万引きも痴漢もまだ未経験だけど、嗅いだら同レベルのような気がする。それなのに止められないこの欲望。

この一線を越えたらもう戻れない。
そう思ったのに。

「変態でごめんなさい!!!」と心の中で謝りながら、やっぱり私は嗅いでしまった。

大きく吸い込むと刺激が強すぎるから、クンクンと小刻みに嗅ぐのがポイントだ。

鼻の中に悪臭が広がる。

ク、クサイ!!
強烈にクサイ!!
(ごめんよ赤子!!)
それなのに何?
この幸せ。
くっさいのに幸せ。

喜びの悪臭じゃないか。

悪臭でさえも幸せに変えてしまう赤子とはいったいなんなんだろう。
偉大だなあ。

友人に思わず言った。
「ここ(首)ってさ、汚れたまるからクサイけど何度も嗅ぎたくなるよね。幸せ感じちゃう。」

友人「え…。私クサイとしか思わないよ。」

これは誰もが理解できる幸せの悪臭ではないのだろうか。理解されなければ私はただの変態女になってしまう。
これは引き下がれない。なんとしてでも同意してもらわなければ。
私「え、でもこの匂いってクサイけど、赤ちゃん独特だし、何度も嗅ぎたくならない?」

「うーん、私はクサイとしか思わないかな。」
と笑顔で全否定する友人。

焦る私は畳み掛けるように言った。

私「でもほら、ピアスの穴とかもクサイじゃん?でもついつい嗅いじゃう?」
私「足の親指の爪にある垢?あれもついつい嗅いじゃうよね?」

肯定も否定もしてくれない友人。ただ困った顔をして苦笑いときたもんだ。そう、これは自爆。
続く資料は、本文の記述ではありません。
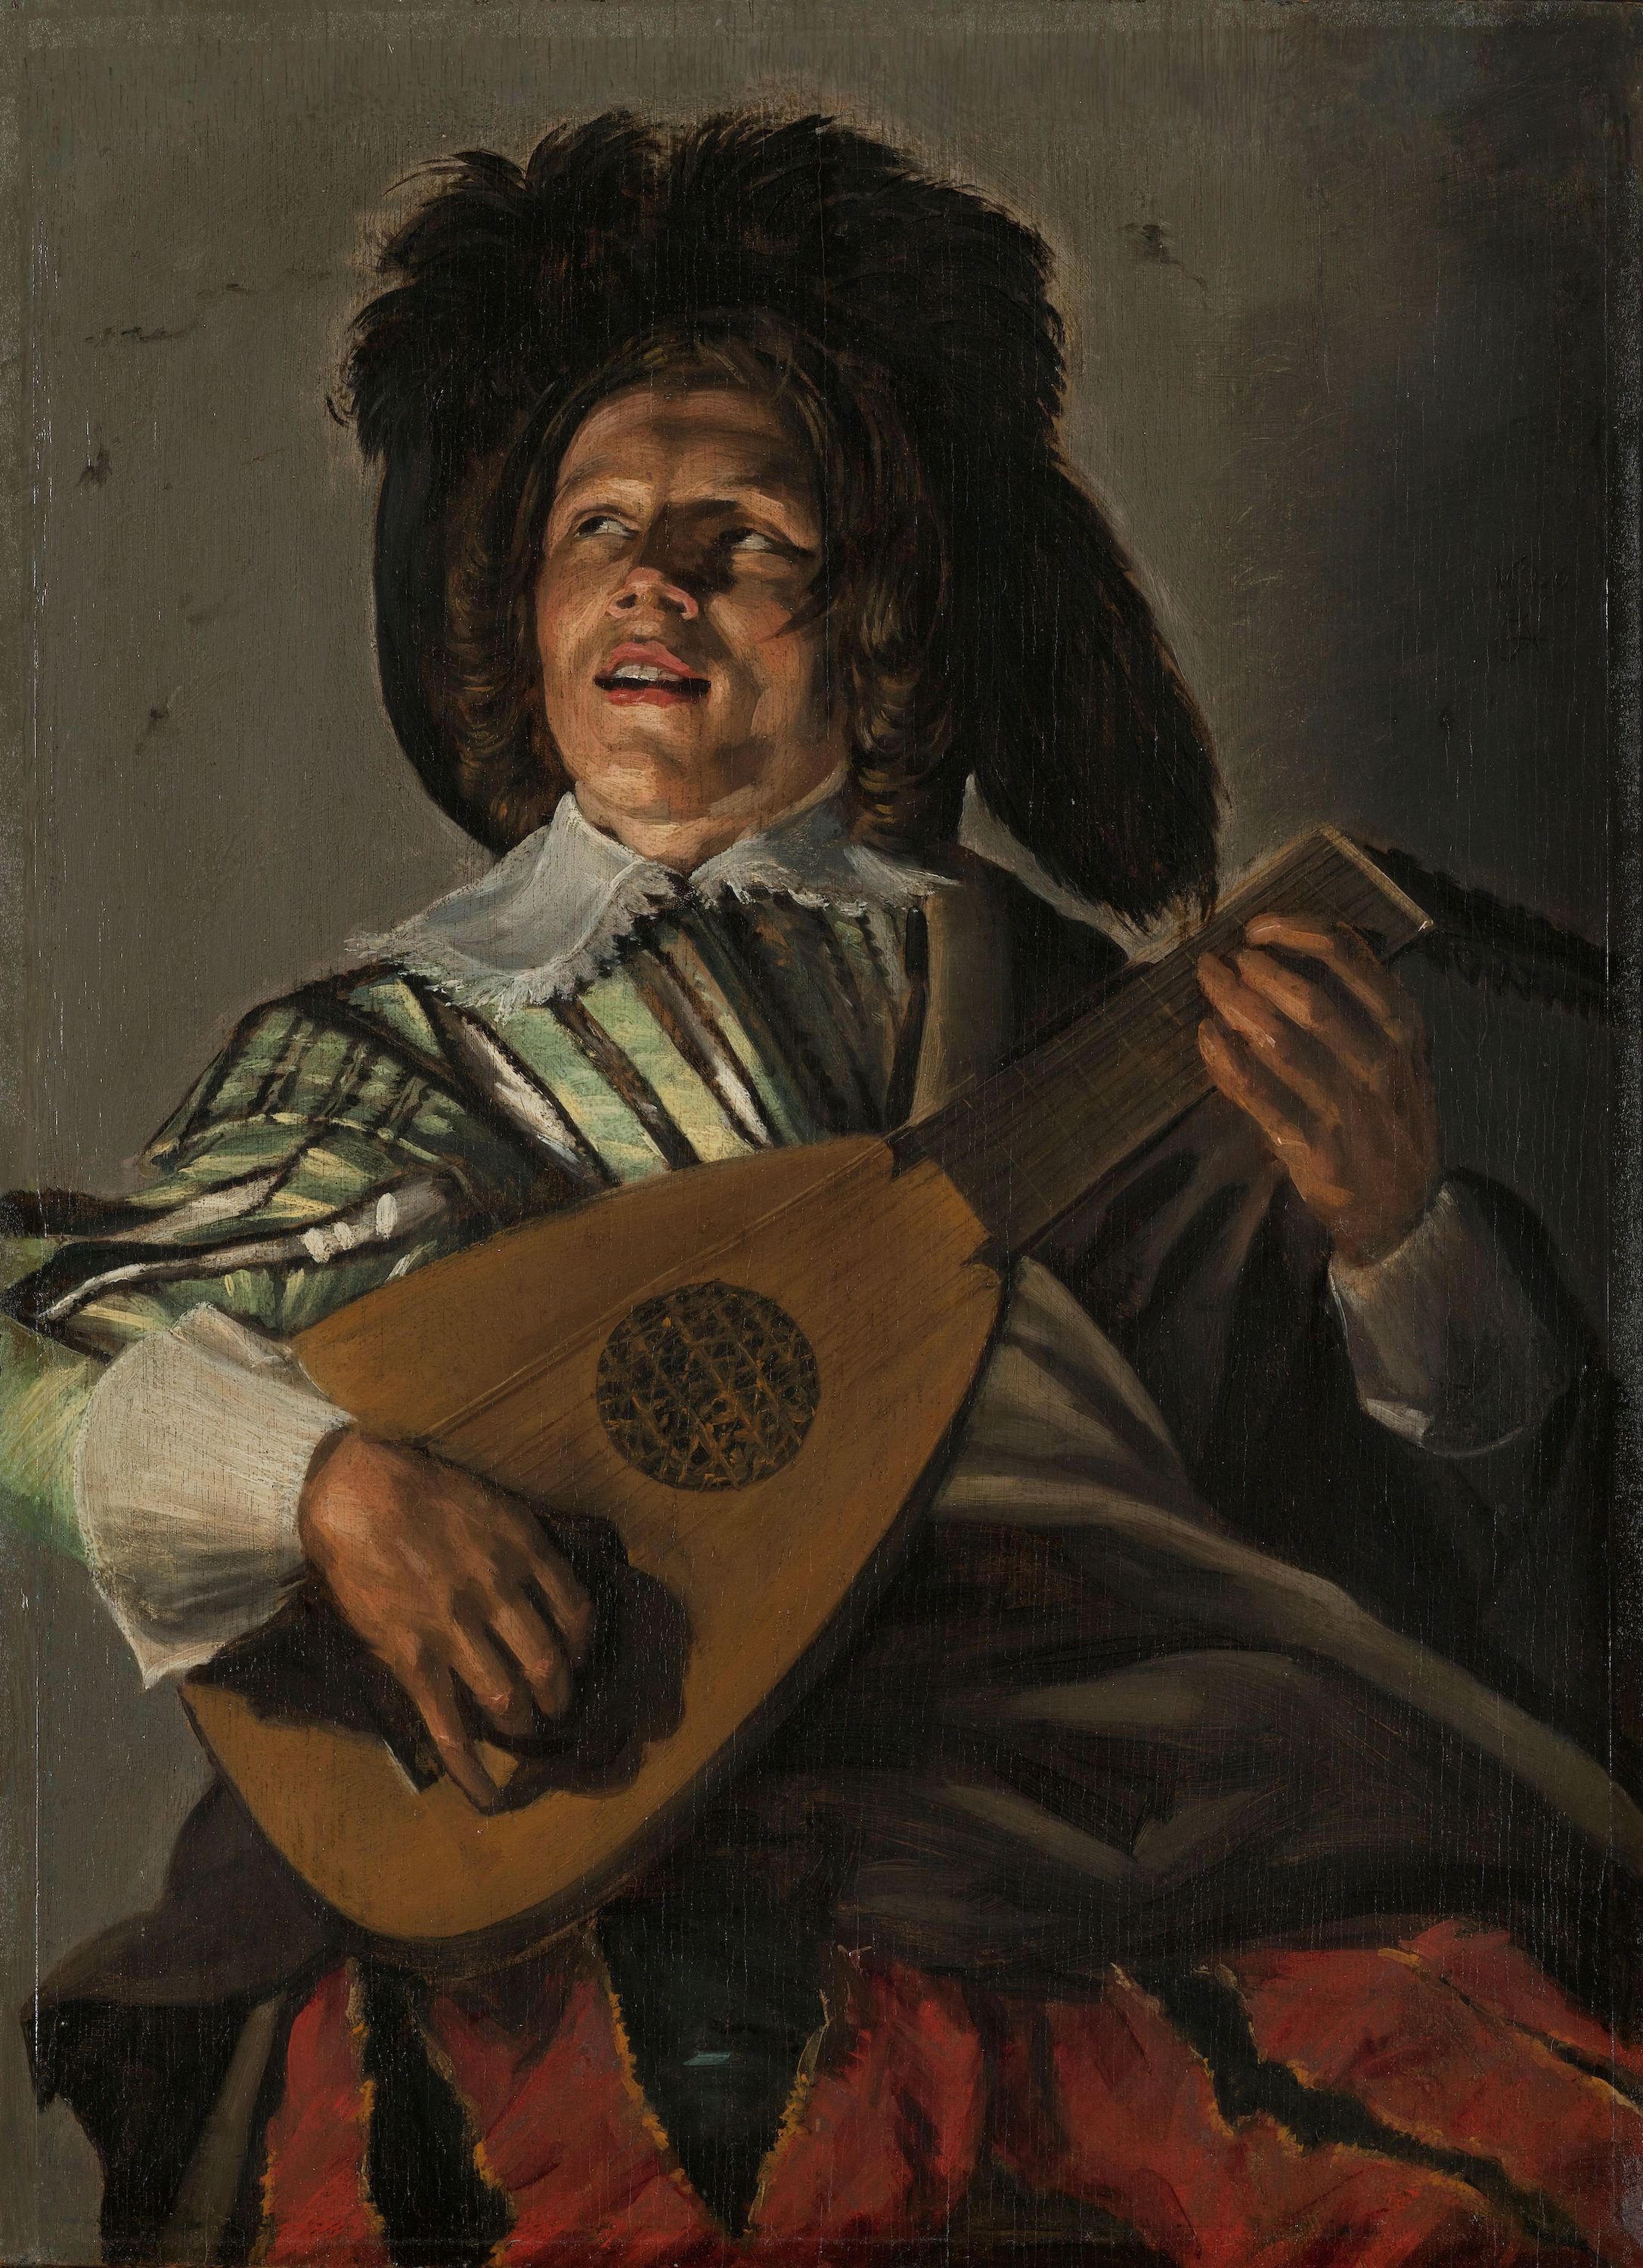 De Serenade by Judith Leyster - 1629 - 45,5 cm  x 35 cm Rijksmuseum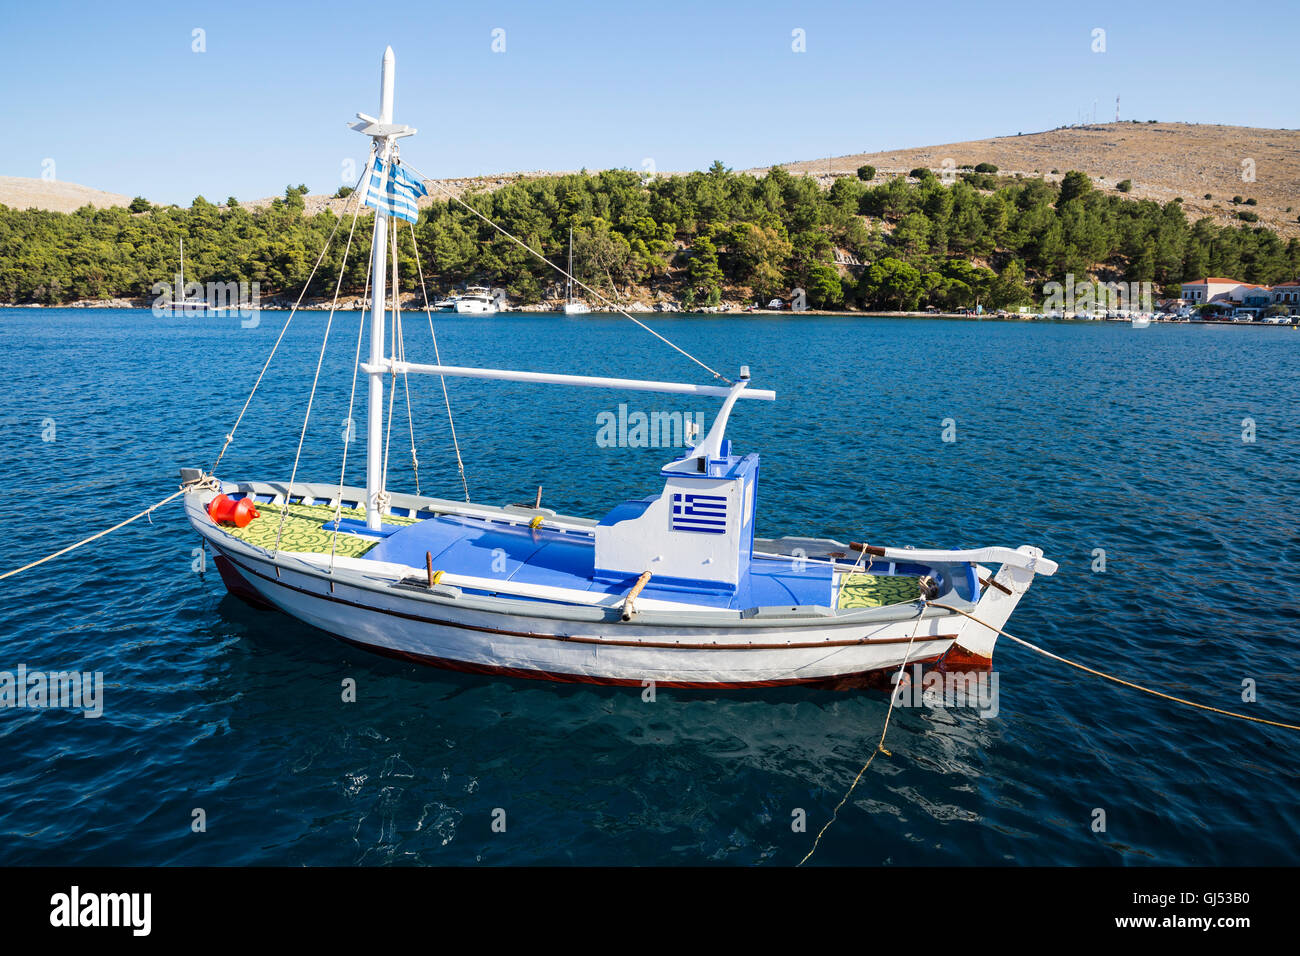 Petit bateau de pêche traditionnelle en mer dans Archangelos village, l'île de Chios Chios, Sakiz Adasi.en turc. Banque D'Images

幸せの悪臭だけでやめておけばよかった。これじゃあ、クサイ匂いに執着するただの匂いフェチ。

でも友人よ。
キュートアグレッション→可愛いからこそ攻撃したい
が「人間として普通のことよ」ならよ?
クサイからこそ嗅ぎたい、だってクサイアグレッションみたいな感じで
「人間として普通のことよ」じゃないのかい?

そんなことを言おうと思ったけれど、やめた。
だってこれ以上自爆して赤子を抱っこさせてもらえないのは辛いもの。

でも苦笑いする彼女を尻目に、こっそり幸せの悪臭を嗅いでしまう私。クサイ臭いに執着してしまう私。そんな私はやっぱり変態なんだろう。